In March and June, the European Council failed to agree on the commission's proposal. When the EU government leaders meet again on 23 and 24 October in Brussels, they hope to reach a “final decision on the new climate and energy policy framework”.

However, the ministers and deputy ministers for environment of six Central and Eastern European countries, declared on Tuesday (September 30) their opposition to binding targets for renewable energy and energy efficiency.

The six countries are the Czech Republic, Slovakia, Hungary, Poland, Bulgaria and Romania.

The six ask for a framework that “reflects different regional needs and circumstances”. The energy mix differs greatly among member states and reaching the targets will be easier for some than others.

The EU share of renewable energy consumption was 14.1 percent in 2012, according to Eurostat, but that average conceals regional differences.

Hungary, Slovakia, Poland and Czech Republic are below that average, with shares between 9.6 and 11.2 percent.
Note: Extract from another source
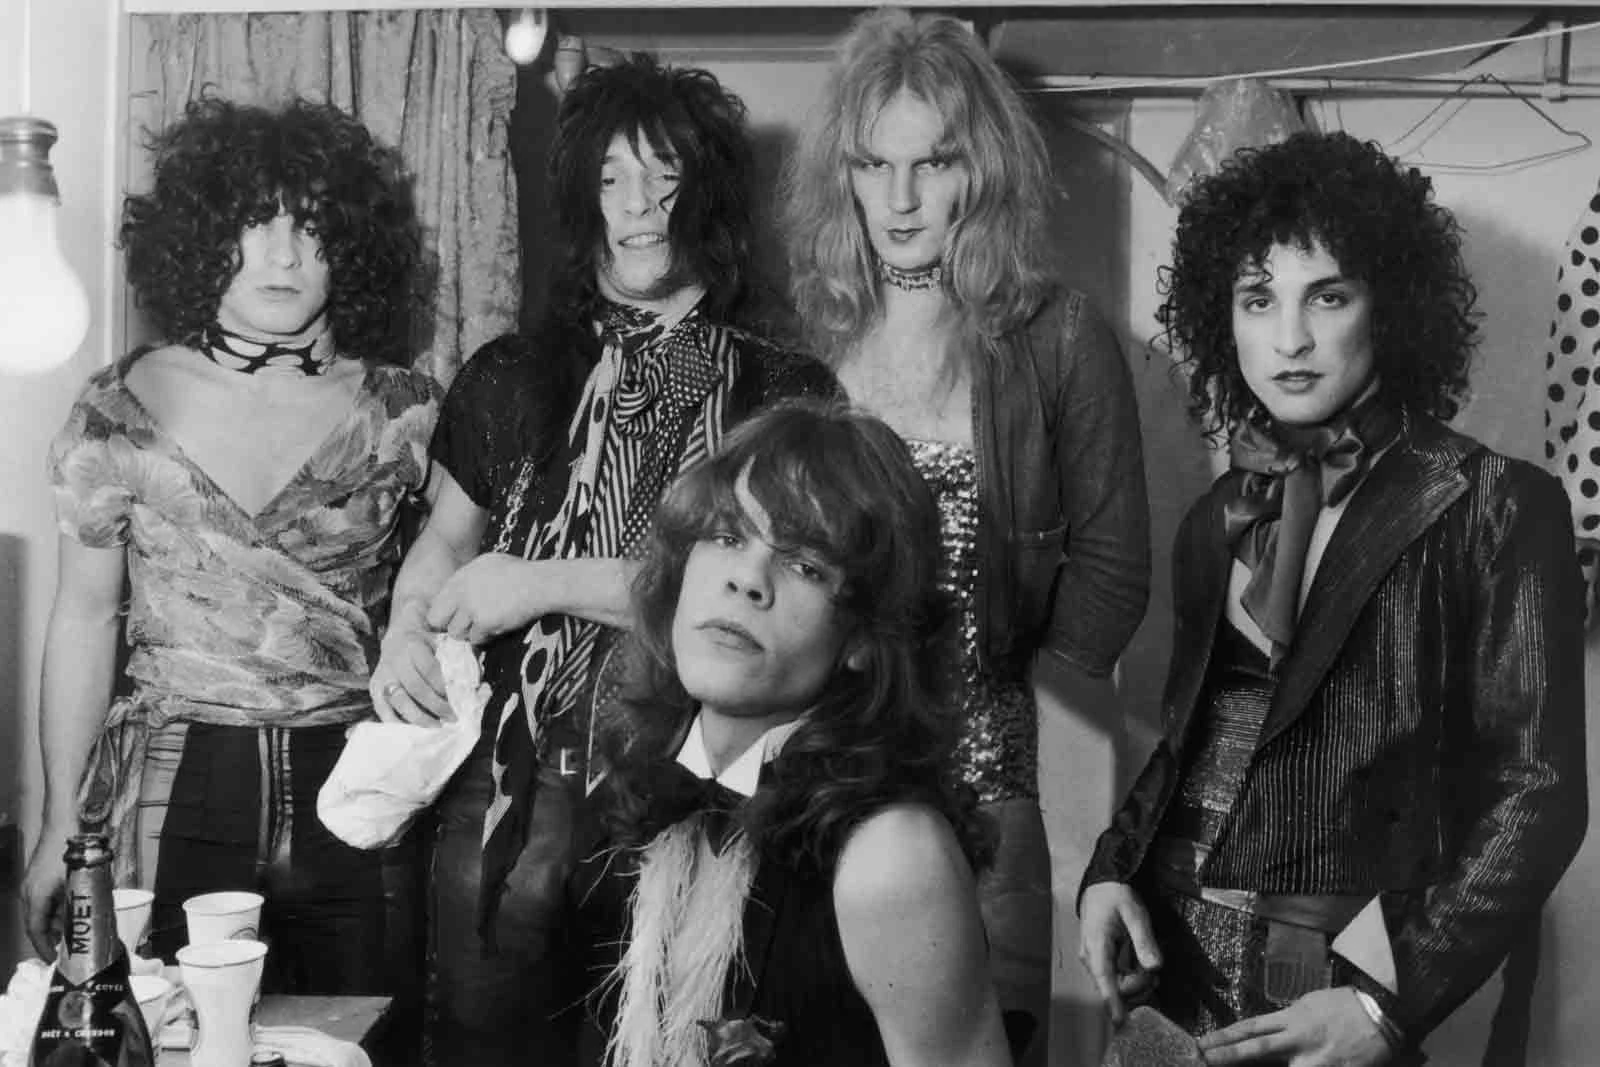 5 Reasons New York Dolls Should Be in the Rock Hall

Most of the six rely heavily on coal, which is one of the energy sources that emits the most carbon dioxide.

The question then is, which targets will be binding for the whole of EU, and which for each individual member state.

A group of 13 mostly western and northern European states, called the Green Growth Group, is in favour of a binding greenhouse gas target of 40 percent for member states.

But in March it said the “Council should agree on a binding EU renewables energy target which should not be translated into binding national targets by the EU, leaving greater flexibility for Member States to develop their own renewable energy strategies.”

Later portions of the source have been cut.